Dr Smith on Bispecific Antibodies for the Management of R/R Follicular Lymphoma

Sonali M. Smith, MD, Elwood V. Jensen Professorship of Medicine, chief, Section of Hematology/Oncology, The University of Chicago Medicine, discusses the currently available arsenal of bispecific antibodies used for the management of relapsed/refractory follicular lymphoma.

Bispecific antibodies are extremely active in the relapsed and refractory setting for follicular lymphoma, Smith begins. Currently, there are 2 bispecific antibodies approved by the FDA for use in patients with relapsed/refractory follicular lymphoma following 2 or more lines of systemic therapy. The FDA-approved agent,mosunetuzumab-axgb (Lunsumio), gained approval in December 2022, and epcoritamab-bysp (Epkinly), was approved in July 2024. Both agents target CD20 and CD3, but they have distinct structural and clinical features, Smith explains.

Mosunetuzumab has an engineered Fc portion designed to reduce toxicity, and it targets the same epitope on CD20 as rituximab (Rituxan), she states. This bispecific antibody is administered with a ramp-up dosing phase in the first cycle, followed by administration every 21 days for up to 17 cycles. Notably, the treatment includes a response-directed pause after the eighth cycle, allowing for potential adjustments based on patient response, Smith says.

Epcoritamab also features an engineered Fc portion with specific mutations aimed at minimizing toxicity, she continues. This agent is unique in that it is primarily administered subcutaneously, which is advantageous for patient convenience and safety, Smith details. Epcoritamab also employs a step-up dosing phase during the first 2 cycles to mitigate adverse effects such as cytokine release syndrome, she notes. The administration of dexamethasone during the ramp-up phase further helps manage these early toxicities, Smith reiterates.

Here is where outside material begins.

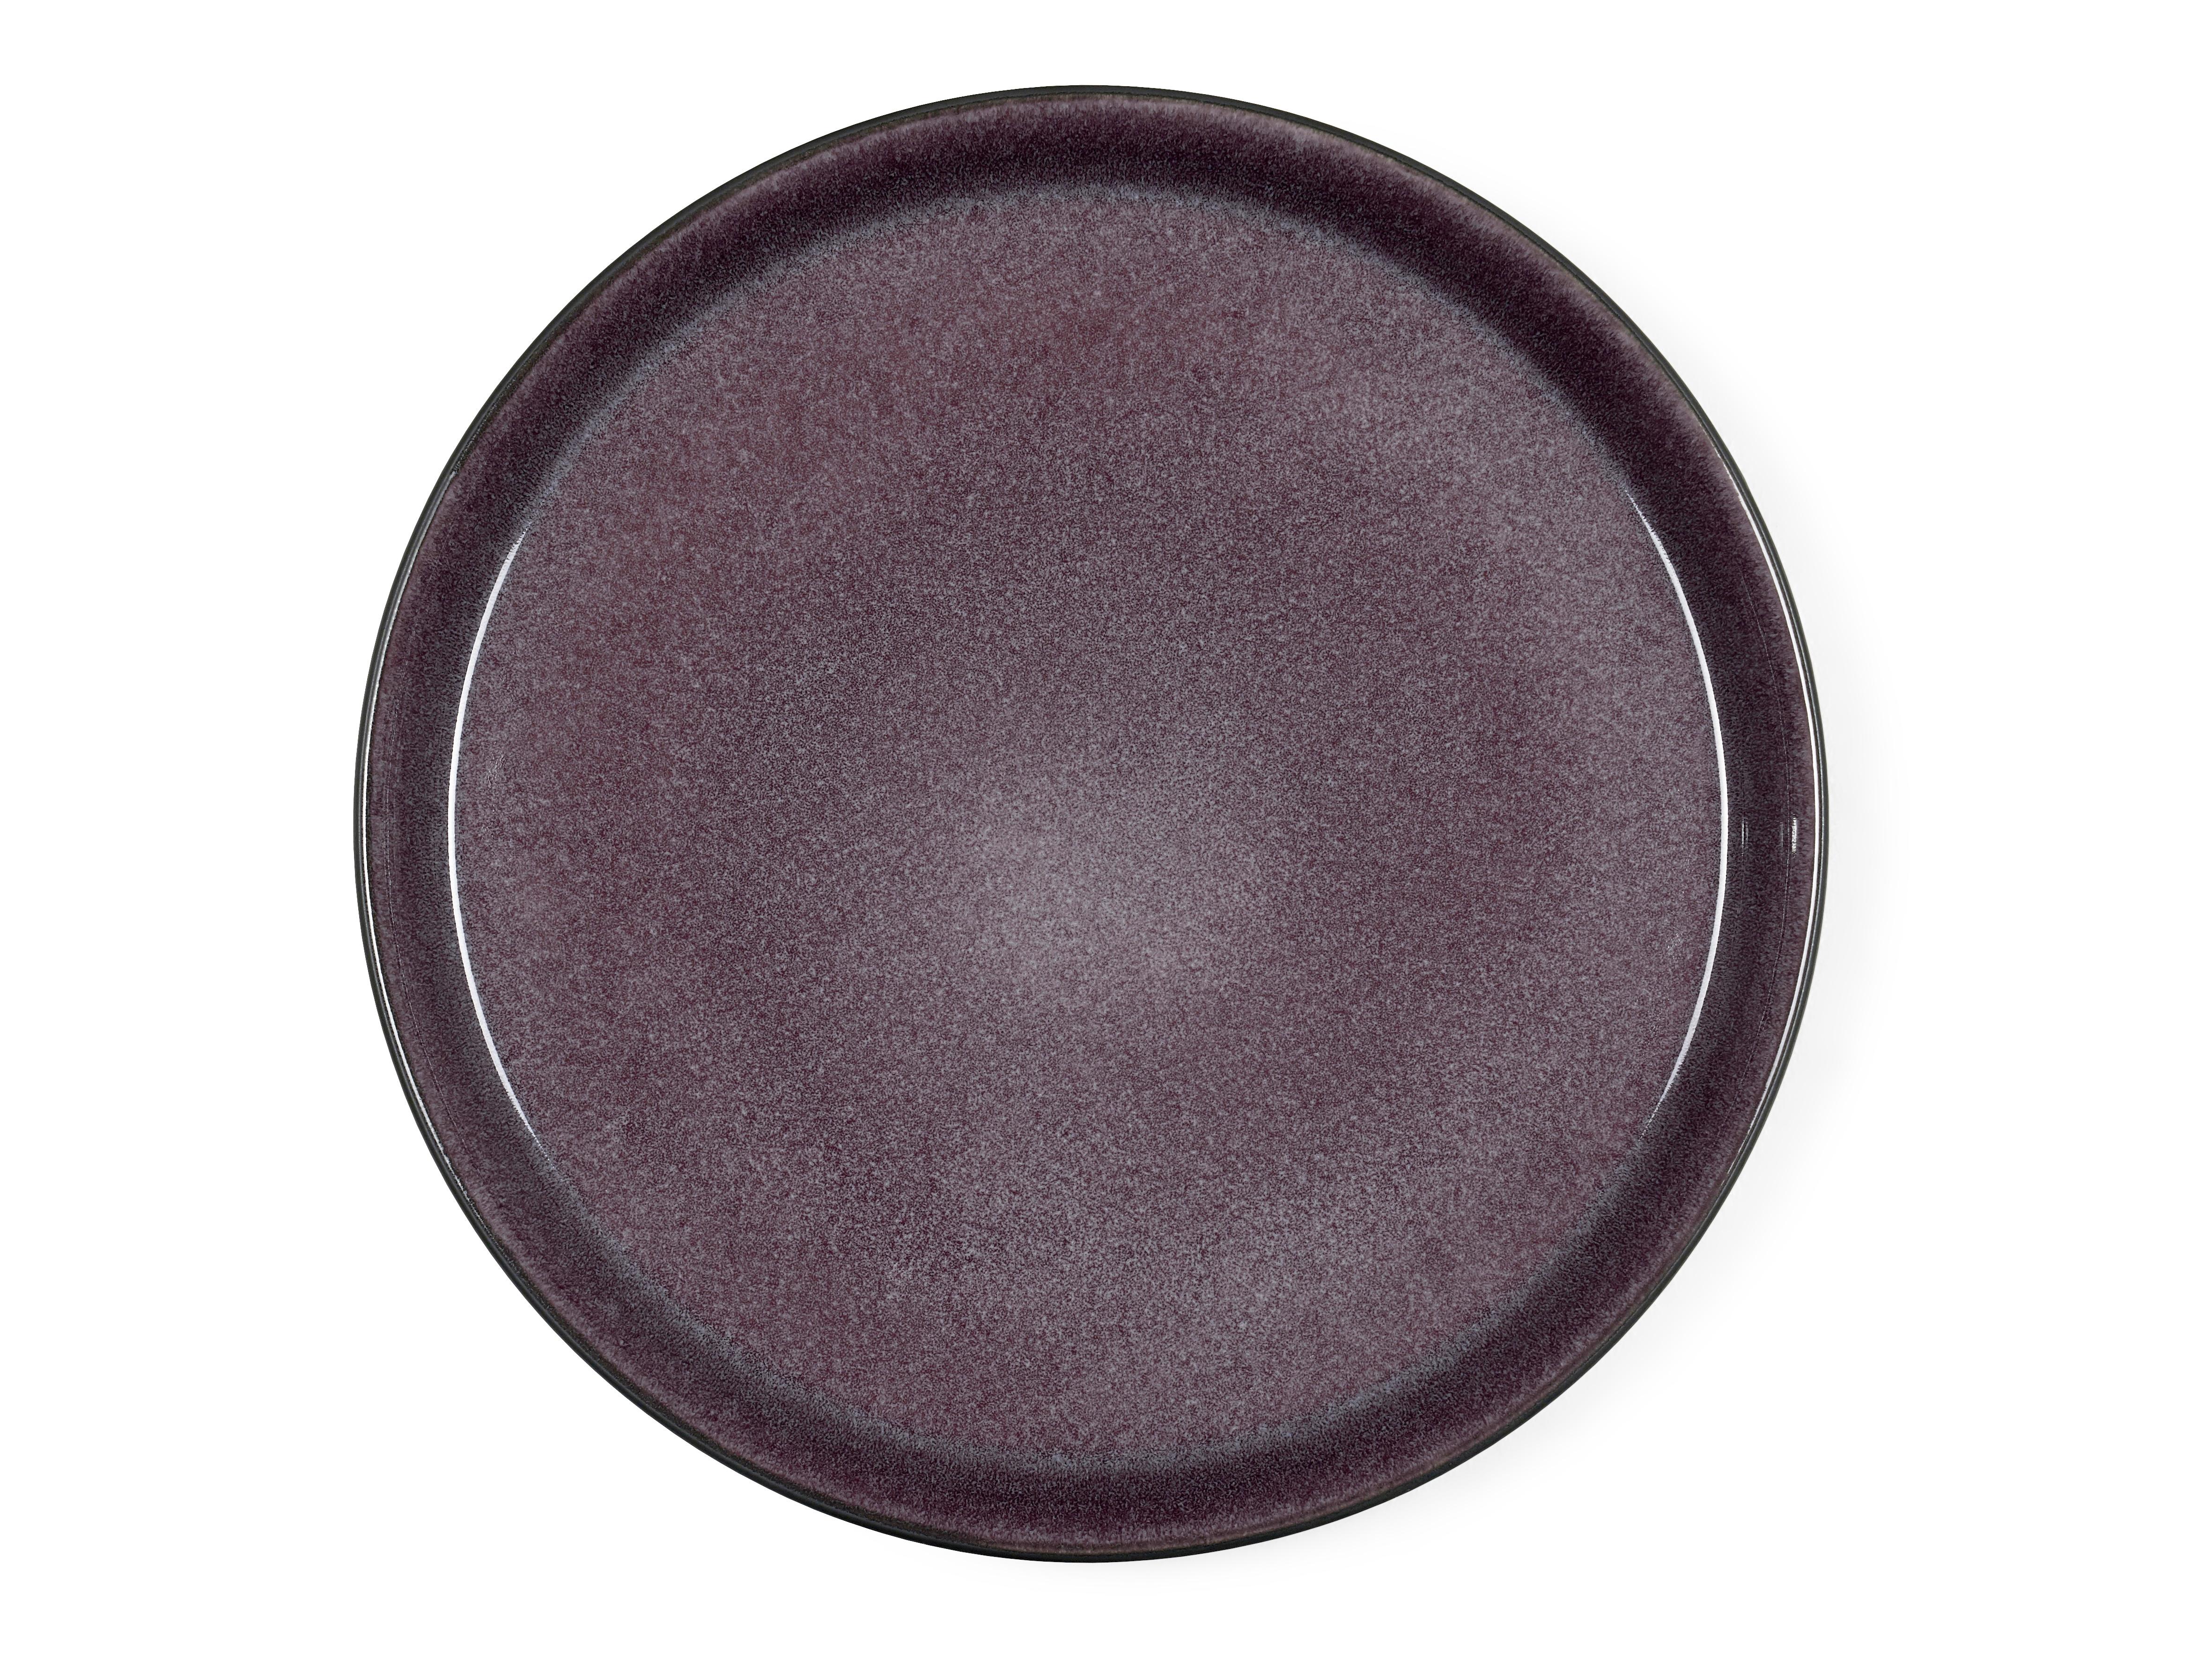 Bitz Gastro middagstallerken, Ø27 cm, sort/lilla

In addition to mosunetuzumab and epcoritamab, odronextamab (REGN1979), another bispecific antibody approved outside the United States, has demonstrated high efficacy, Smith adds. The agent was granted FDA priority review for relapsed/refractory follicular lymphoma and diffuse large B-cell lymphoma in September 2023. However, in March 2024, the FDA issued complete response letters to the biologics license applications seeking the agent's approval for these indications related to enrollment status in confirmatory trials.

All 3 agents exhibit overall response rates of approximately 80%, with complete response rates at approximately 60%. These outcomes are particularly notable given the challenging nature of treating patients with relapsed/refractory FL, Smith concludes.